Data provided section start

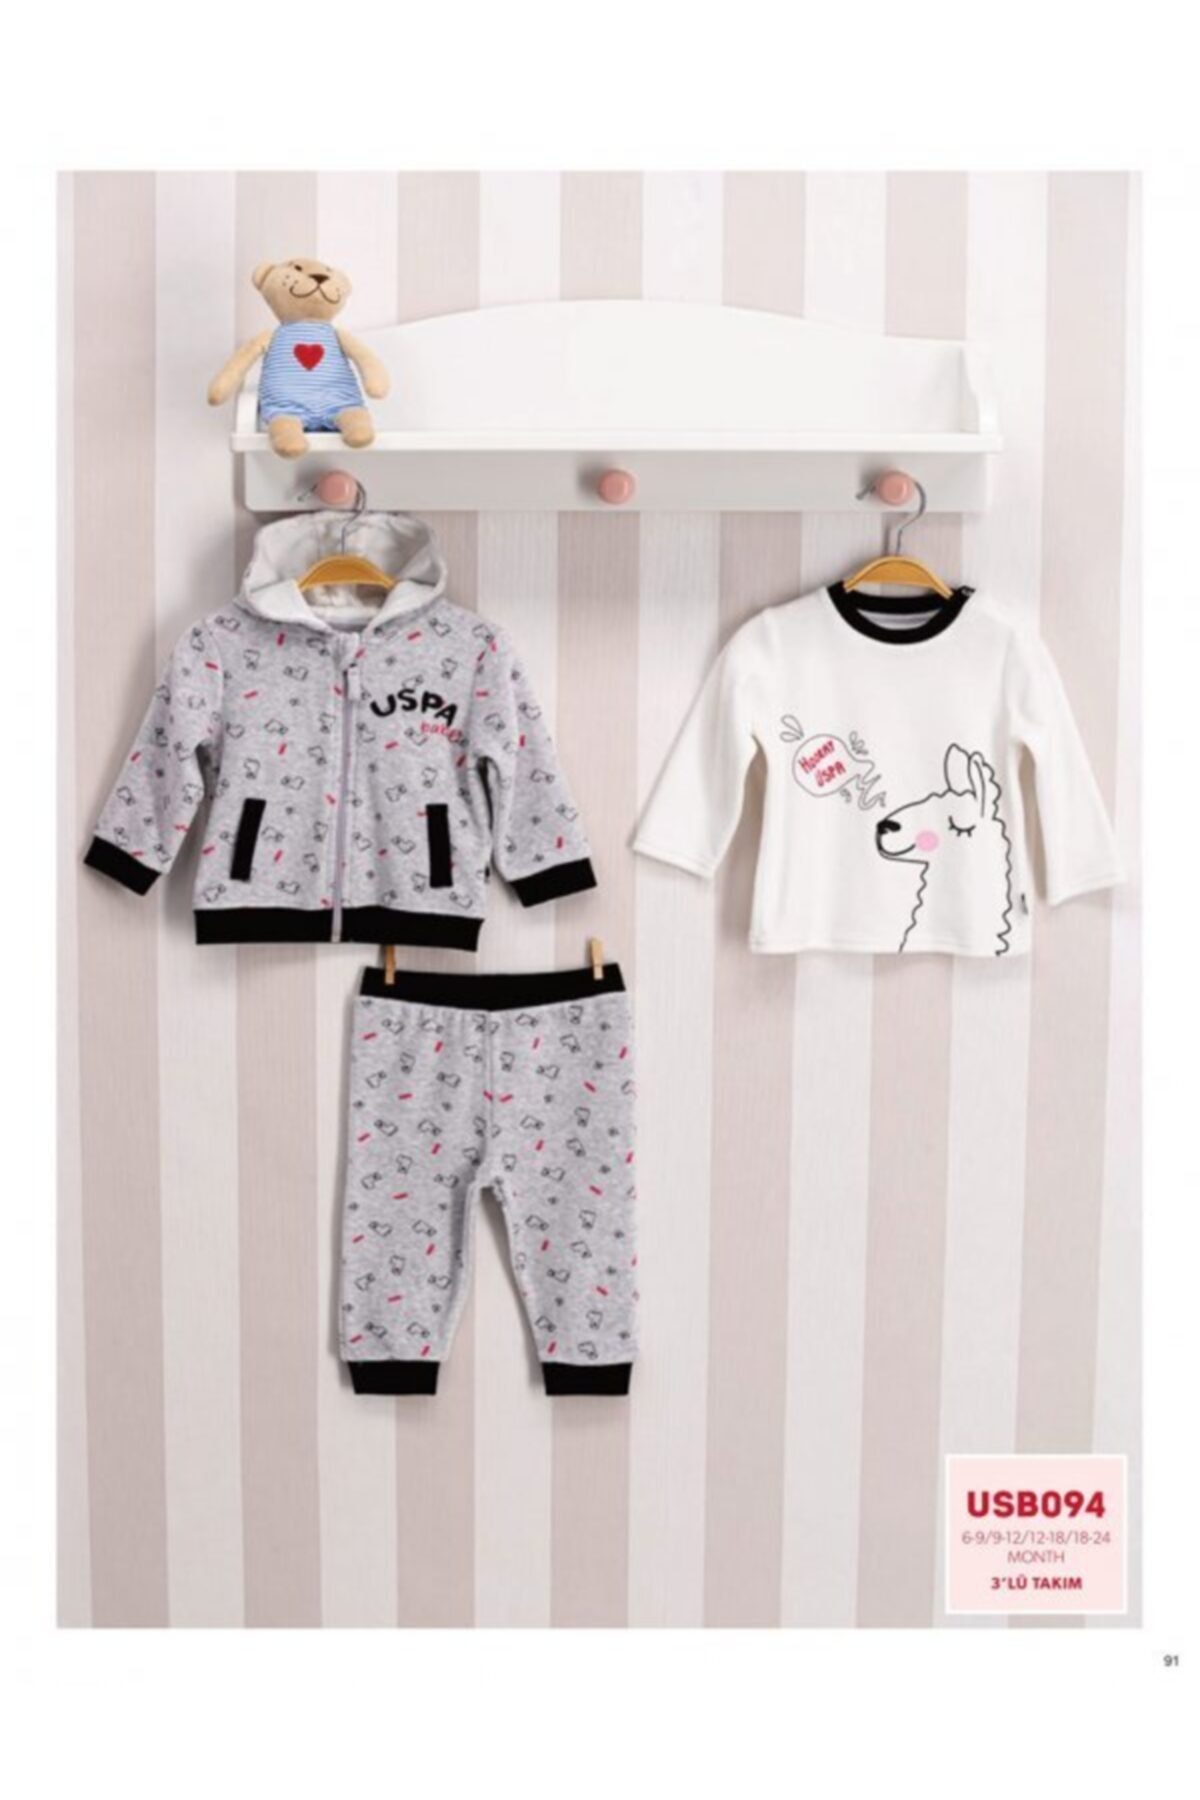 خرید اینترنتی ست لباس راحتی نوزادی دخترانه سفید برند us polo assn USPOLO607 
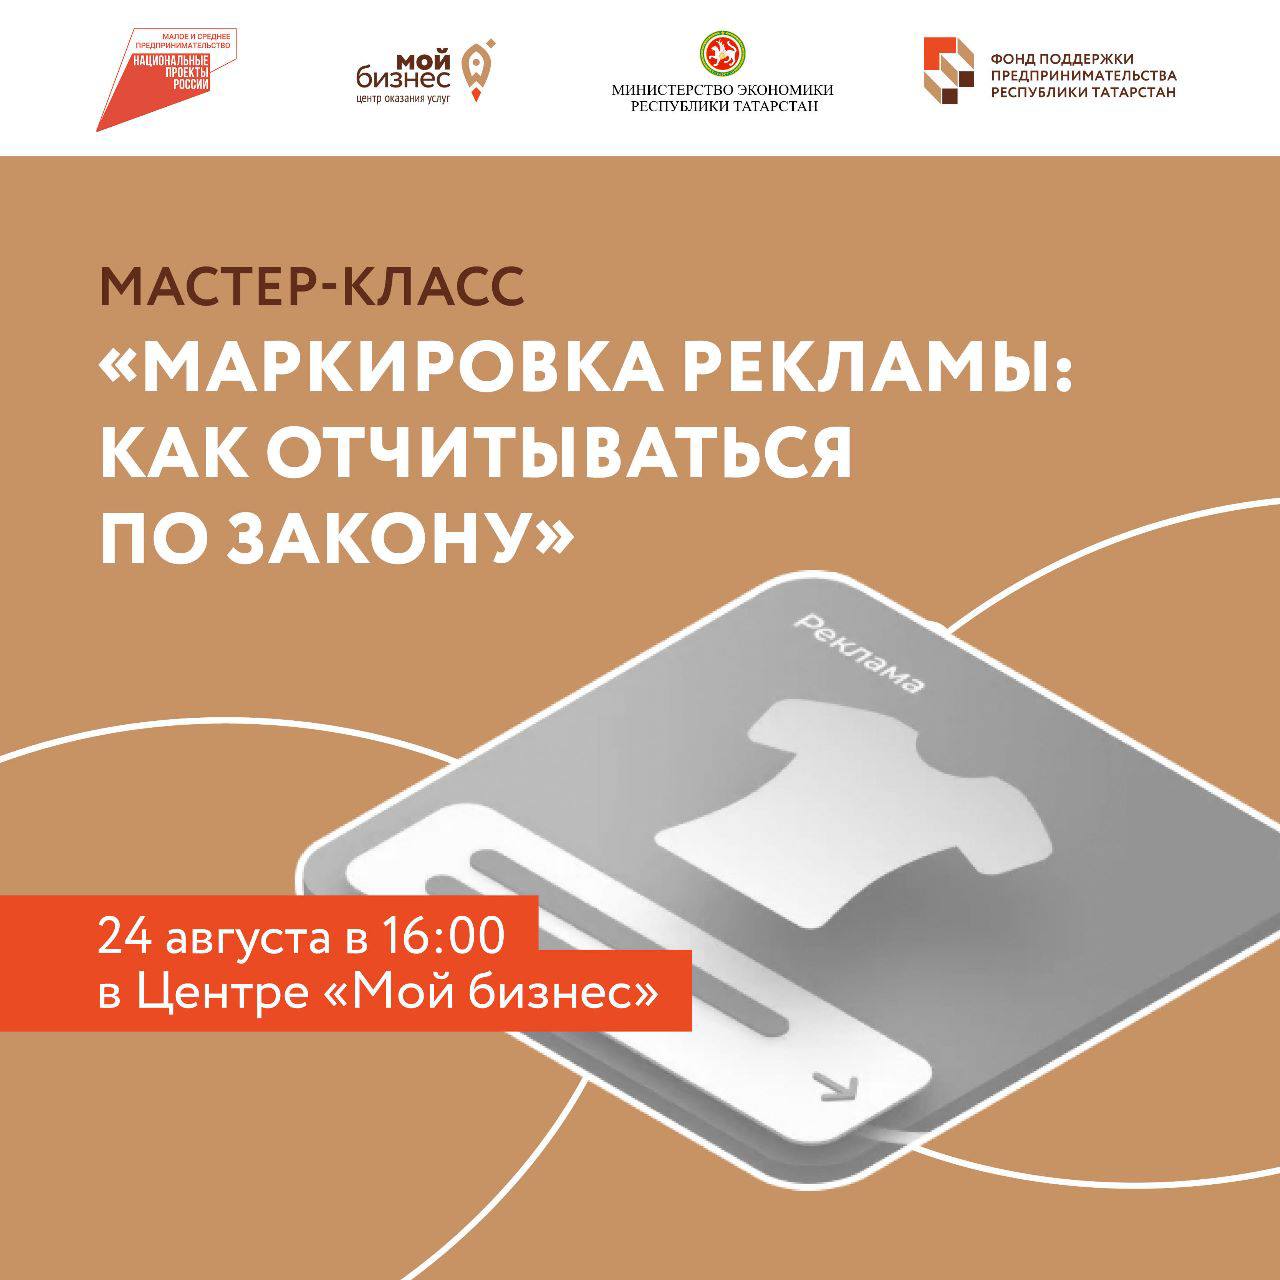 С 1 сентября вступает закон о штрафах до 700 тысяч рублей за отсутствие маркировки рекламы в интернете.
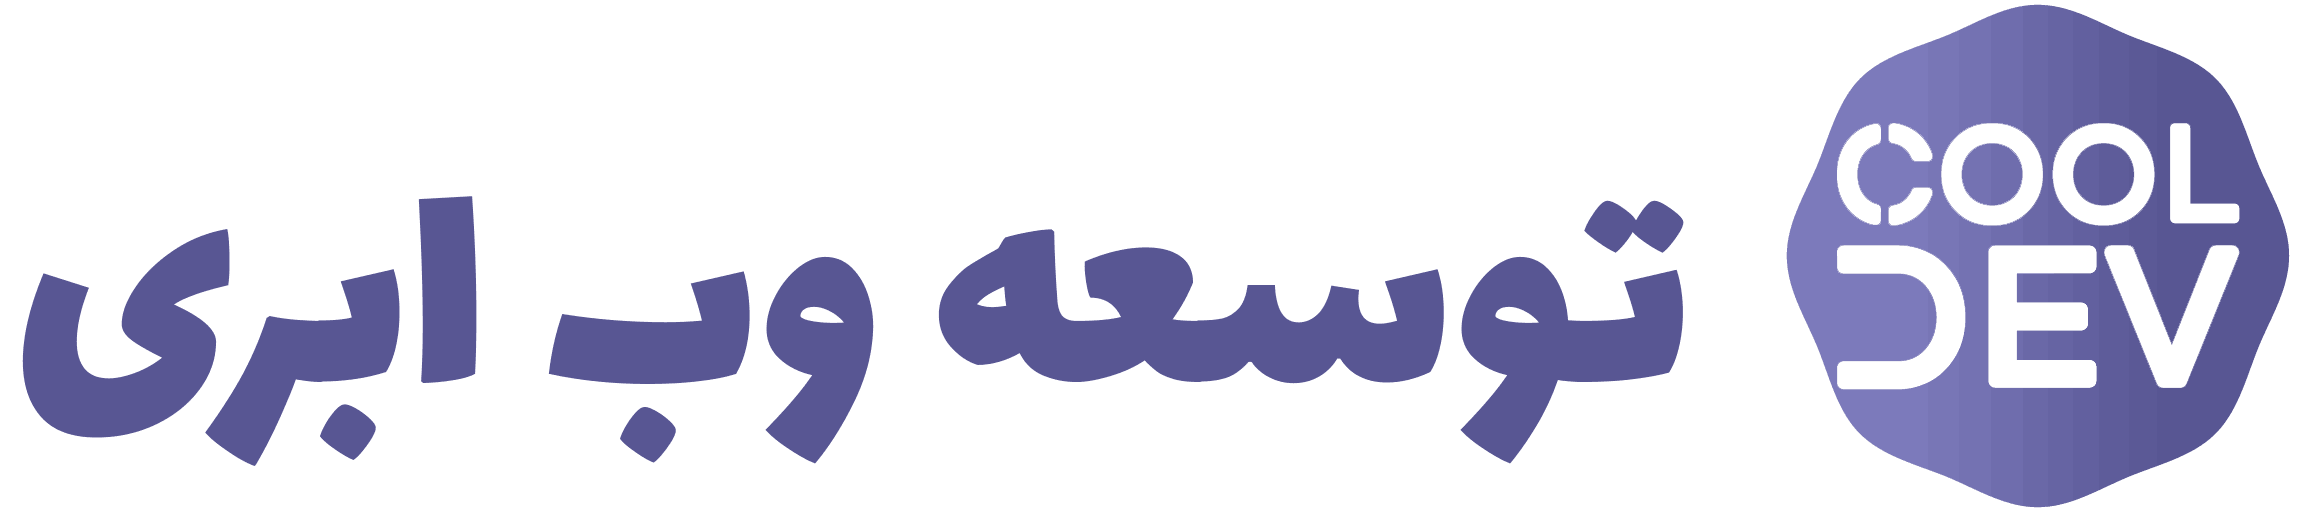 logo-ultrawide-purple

Data provided section end

:: What you need to do ::
From the material above, reproduce everything verbatim except the pictures.

:: Completed exercise ::
 خرید اینترنتی ست لباس راحتی نوزادی دخترانه سفید برند us polo assn USPOLO607 
 С 1 сентября вступает закон о штрафах до 700 тысяч рублей за отсутствие маркировки рекламы в интернете.
 logo-ultrawide-purple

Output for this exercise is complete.